What about treatment? Portugal and Oregon show the same thing: reform without treatment capacity produces worse outcomes. Switzerland invested in all four pillars — prevention, treatment, harm reduction and enforcement — over decades. Norway's 2025 drug reform is a step towards help rather than punishment, but it does not touch the economic foundation that drives the violence.
The review above shows that we know more than the public debate typically suggests. The prohibition does not prevent access — use is rising. Criminal networks earn billions from the substances we ban. Some countries have found models that deliver better outcomes for certain substances. Alcohol, which is legal, does more documented harm than several of the illegal substances.
At the same time, we do not know enough to say with certainty what would happen if Norway legalised cannabis, regulated cocaine or introduced heroin-assisted treatment along Swiss lines. Each country has its context. Each substance has its risk profile. Legalisation entails increased treatment needs, potentially increased use and consequences for families that are difficult to foresee. Criminal networks do not disappear — they adapt.

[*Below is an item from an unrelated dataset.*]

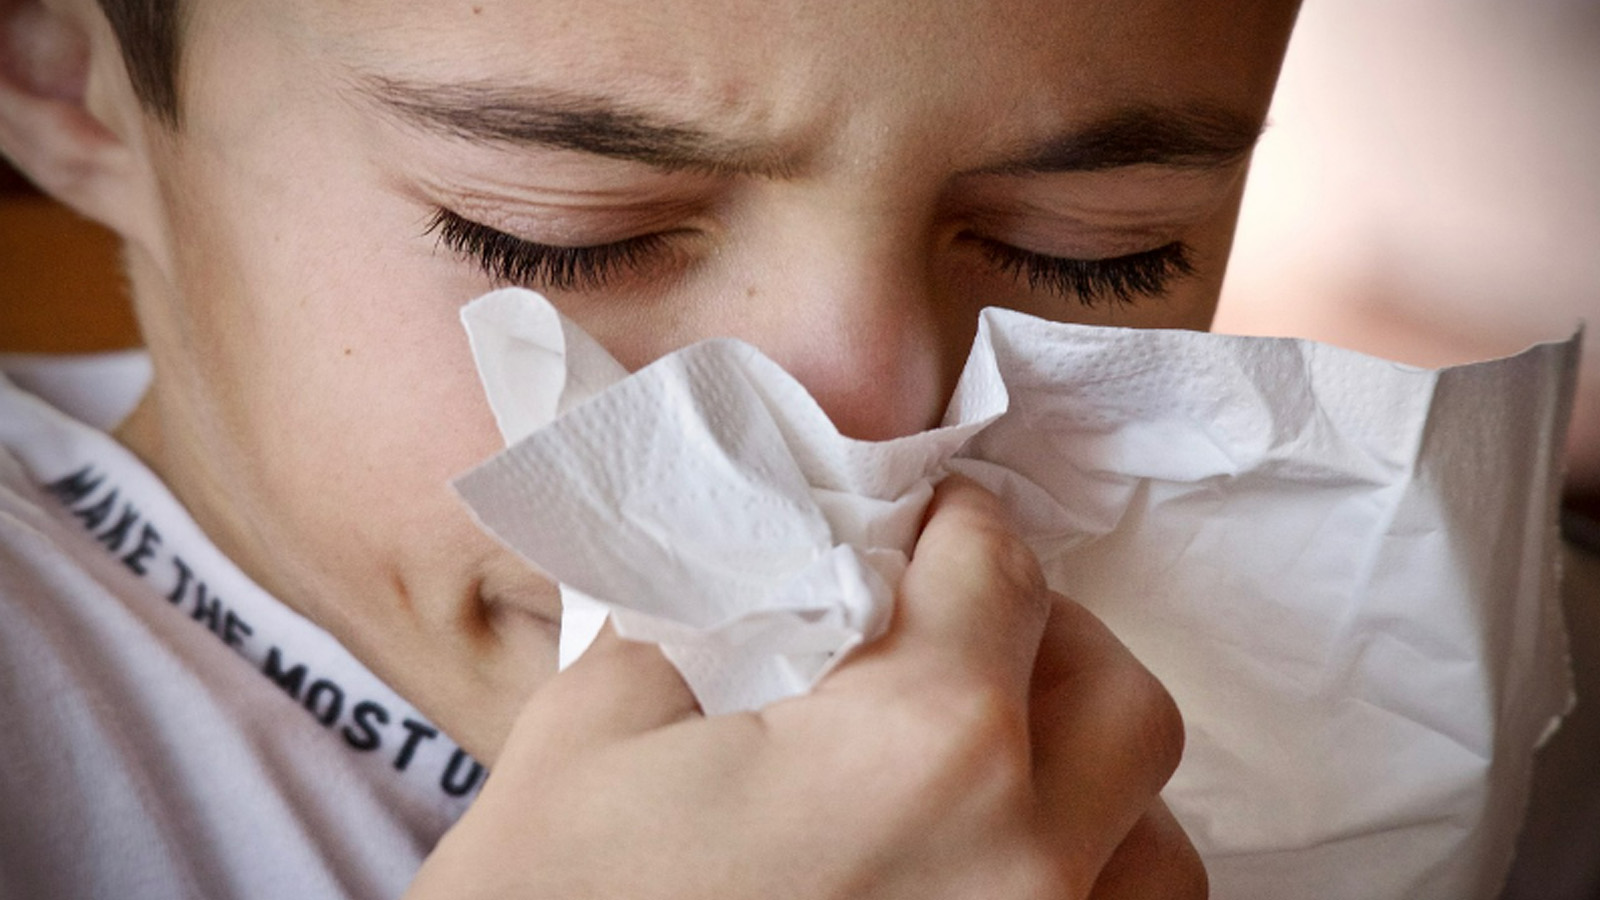 ما الذي يجعل الأمراض التنفسية أكثر حدّةً هذا العام؟

And the healthcare system that would take over is already short of staff. There is no reform without risk.
What is possible is to conduct the debate on the basis of what we actually know — about harm profiles, about what other countries have experienced, and about what current policy achieves and does not achieve. This article is intended as a contribution to that.
Amounts in foreign currency are converted to Norwegian kroner using approximate exchange rates as of May 2026 (1 EUR ≈ 11.5 NOK, 1 USD ≈ 10.5 NOK, 1 CAD ≈ 7.7 NOK, 1 SEK ≈ 1.05 NOK). Original amounts are given in parentheses.